Comparative analysis of static and dynamic probabilistic risk assessment

This study examines three different methodologies for producing loss-of-mission (LOM) and loss-of-crew (LOC) risks estimates for probabilistic risk assessments (PRA) of crewed spacecraft. The three bottom-up, component-based PRA approaches examined are a traditional static fault tree, a dynamic Monte Carlo simulation, and a fault tree hybrid that incorporates some dynamic elements. These approaches were used to model the reaction control system thruster pod of a generic crewed spacecraft and mission, and a comparative analysis of the methods is presented. The methodologies are assessed in terms of the process of modeling a system, the actionable information produced for the design team, and the overall fidelity of the quantitative risk evaluation generated. The system modeling process is compared in terms of the effort required to generate the initial model, update the model in response to design changes, and support mass-versus-risk trade studies. The results are compared by examining the top-level LOM/LOC estimates and the relative risk driver rankings at the failure mode level. The fidelity of each modeling methodology is discussed in terms of its capability to handle real-world system dynamics such as cold-sparing, changes in mission operations due to loss of redundancy, and common cause failure modes.

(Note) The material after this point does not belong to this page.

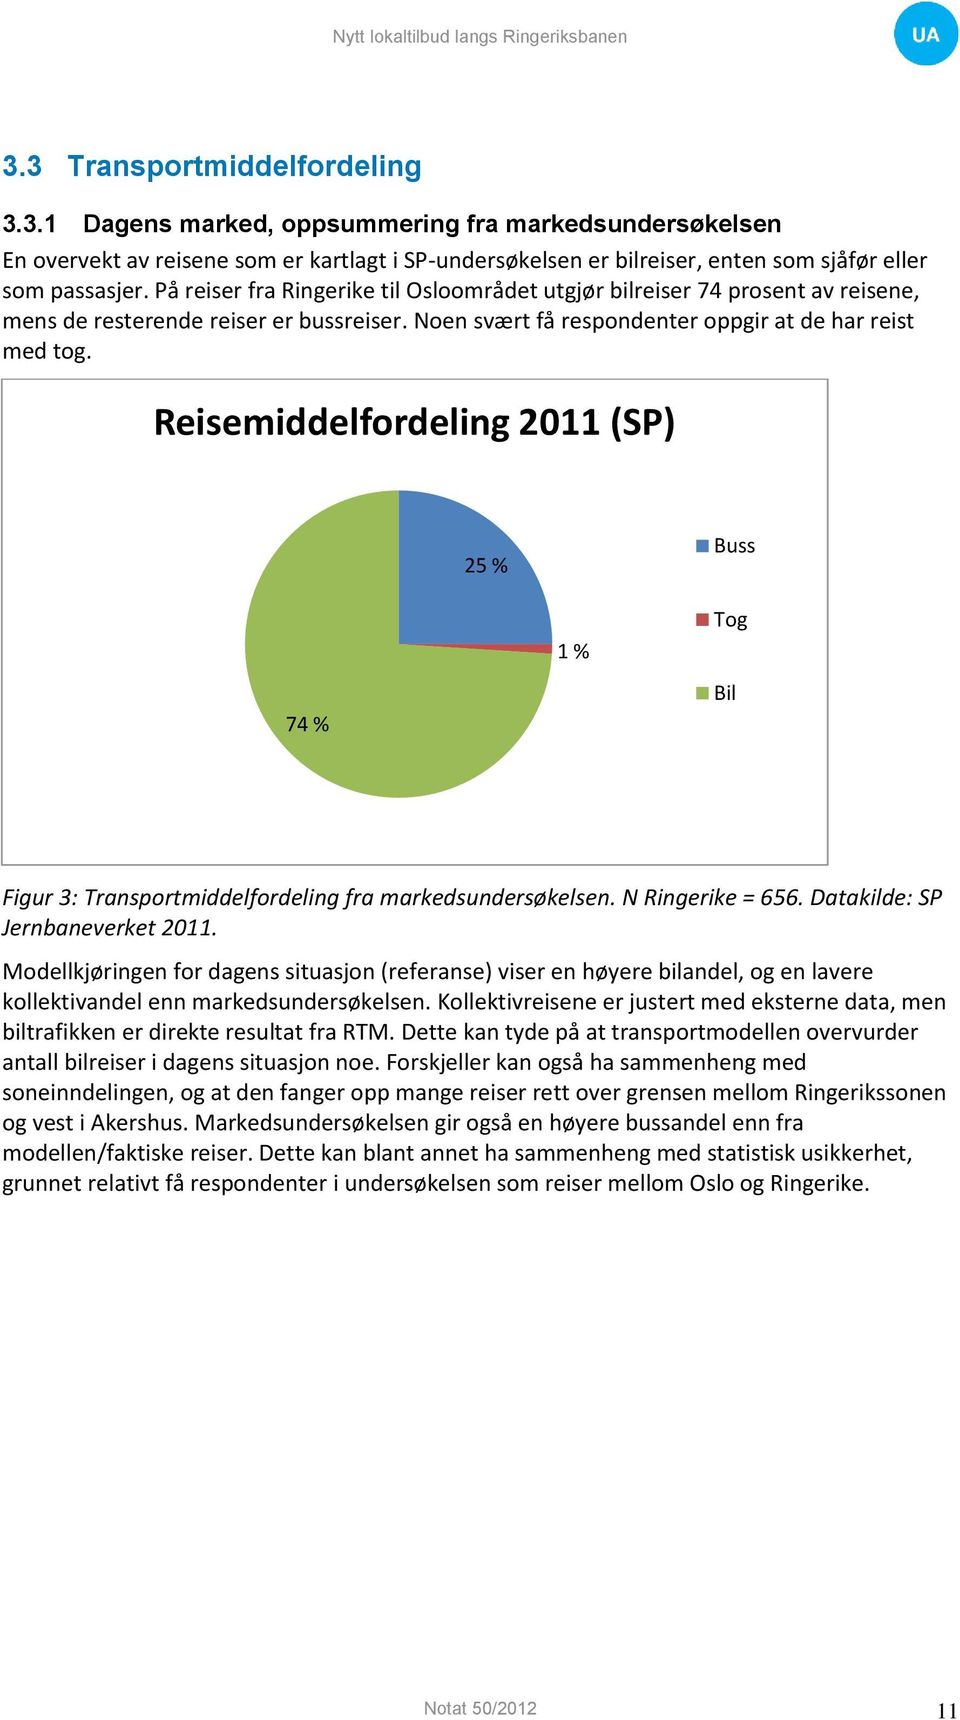 Reisemiddelfordeling 2011 (SP) 25 % Buss 1 % Tog 74 % Bil Figur 3: Transportmiddelfordeling fra markedsundersøkelsen. N Ringerike = 656. Datakilde: SP Jernbaneverket 2011.
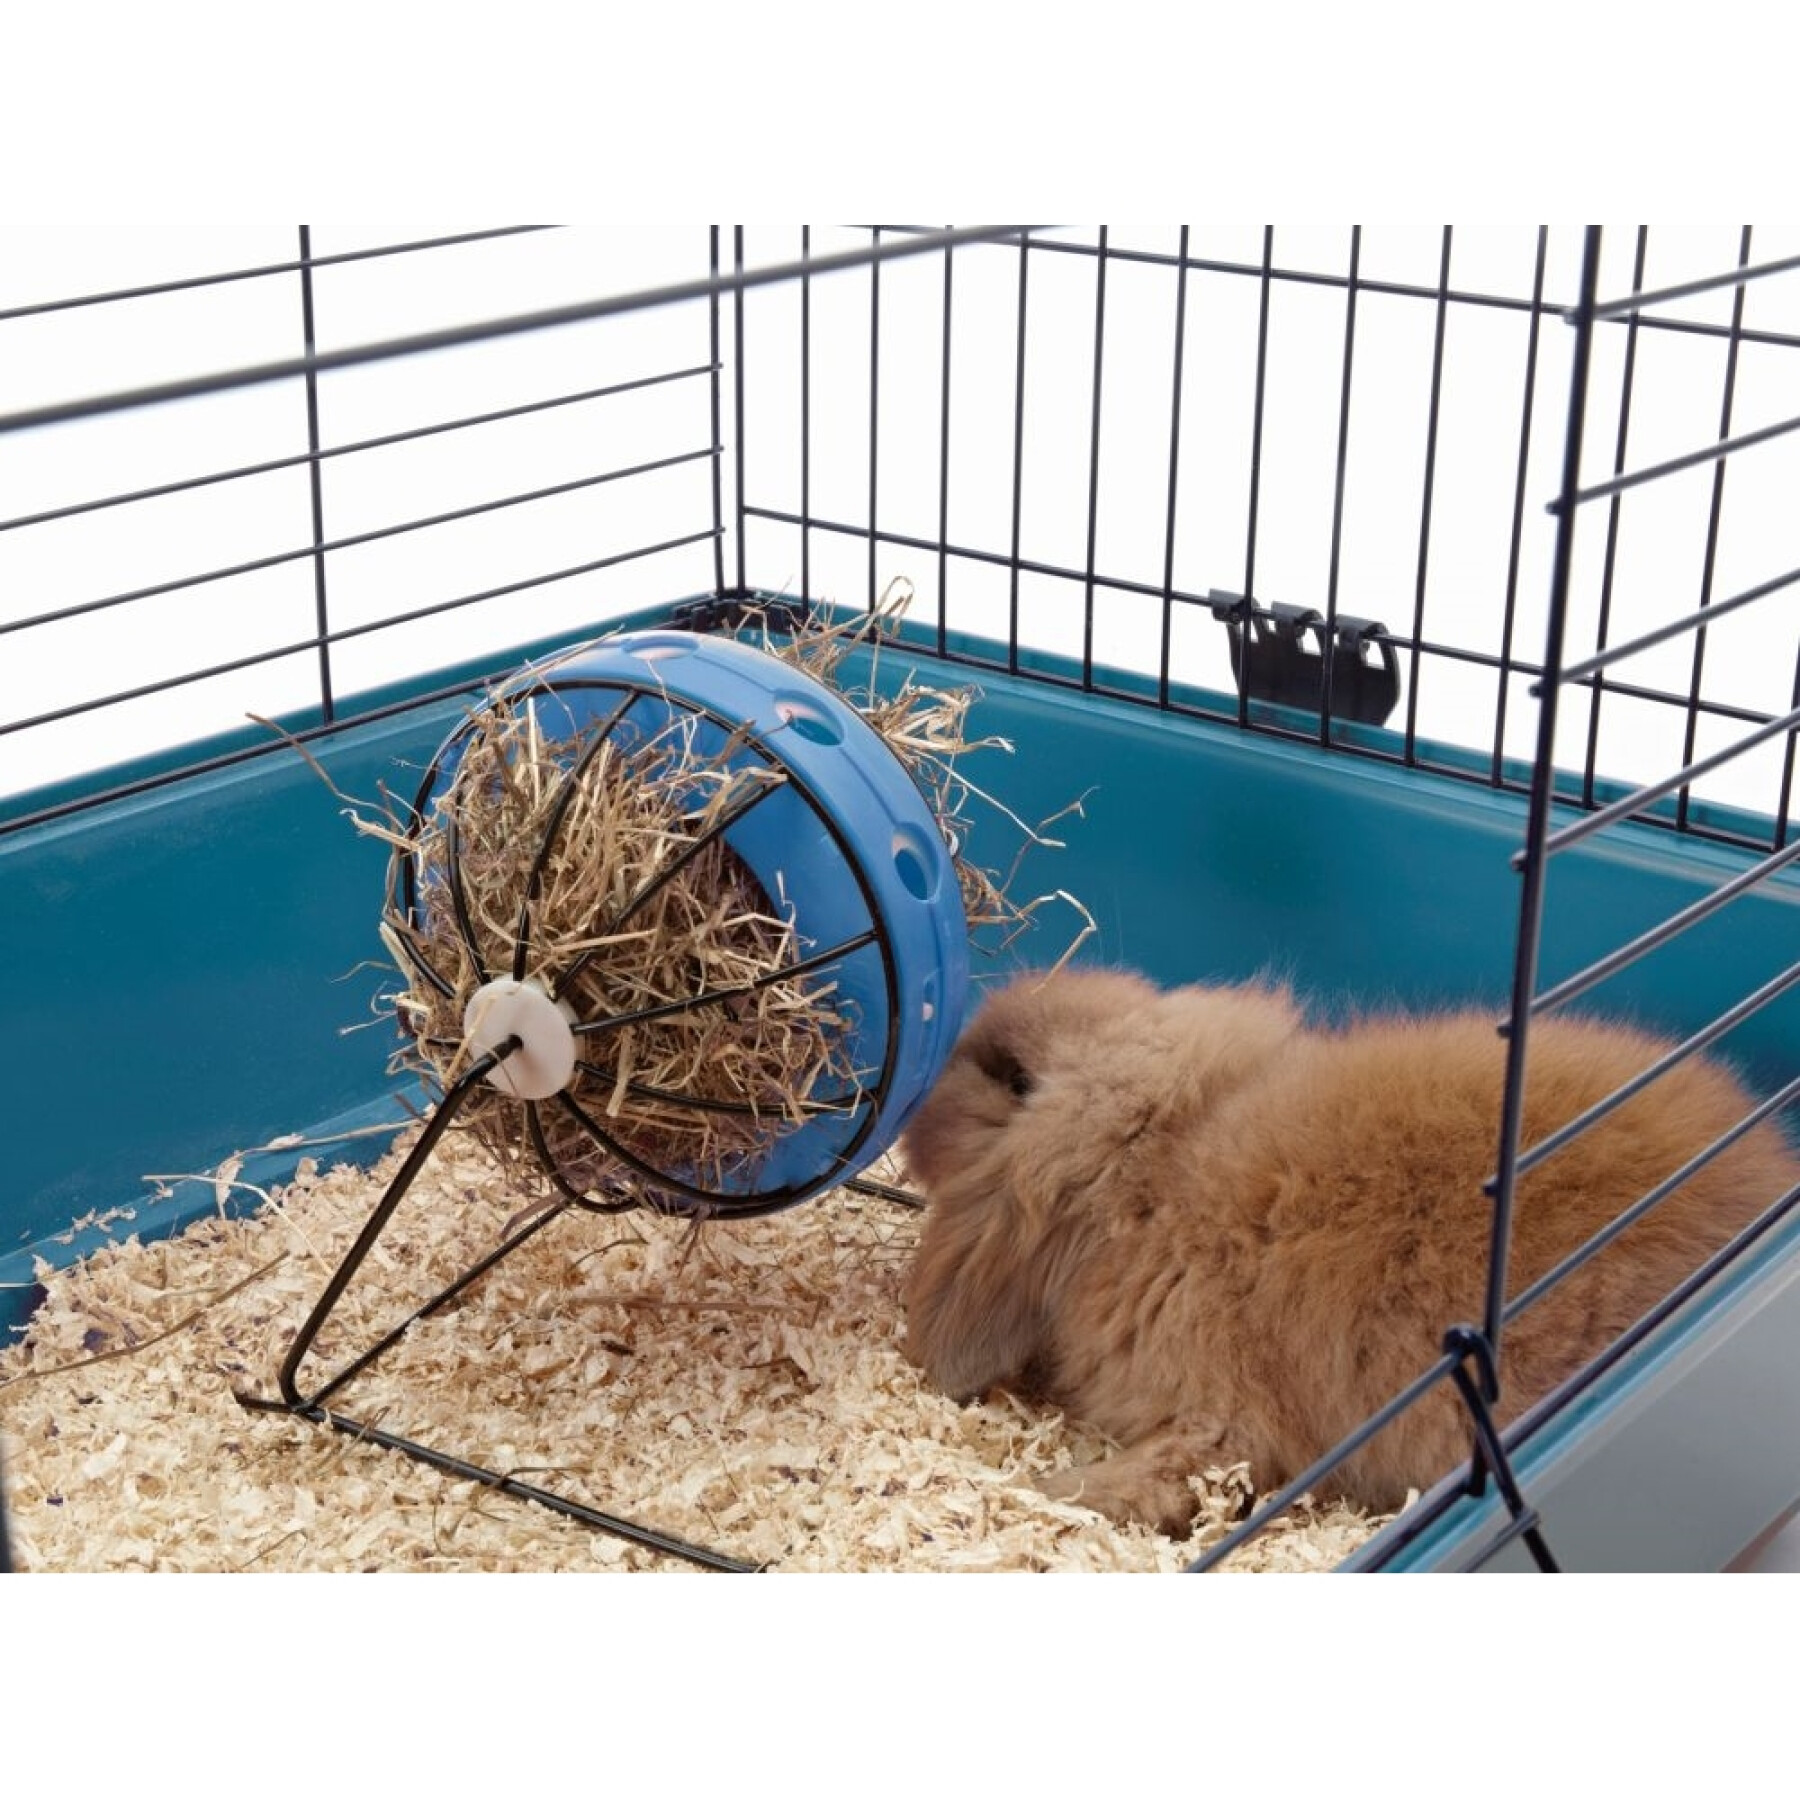 Bola de feno para roedores Nobby Pet Bunny Toy

The paper also discusses the applicability of each methodology to different phases of system development and shows that a single methodology may not be suitable for all of the many purposes of a spacecraft PRA. The fault tree hybrid approach is shown to be best suited to the needs of early assessments during conceptual design phases. As the design beg ins to mature, the level of detail represented in the risk model must go beyond redundancy and nominal mission operations to include dynamic, time- and state-dependent system responses as well as diverse system capabilities. This is best accomplished using the dynamic simulation approach, since these phenomena are not easily captured by static methods. Ultimately, once the design has been finalized and the goal of the PRA is to provide design validation and requirement verification, more traditional, static fault tree approaches may become as appropriate as the simulation method.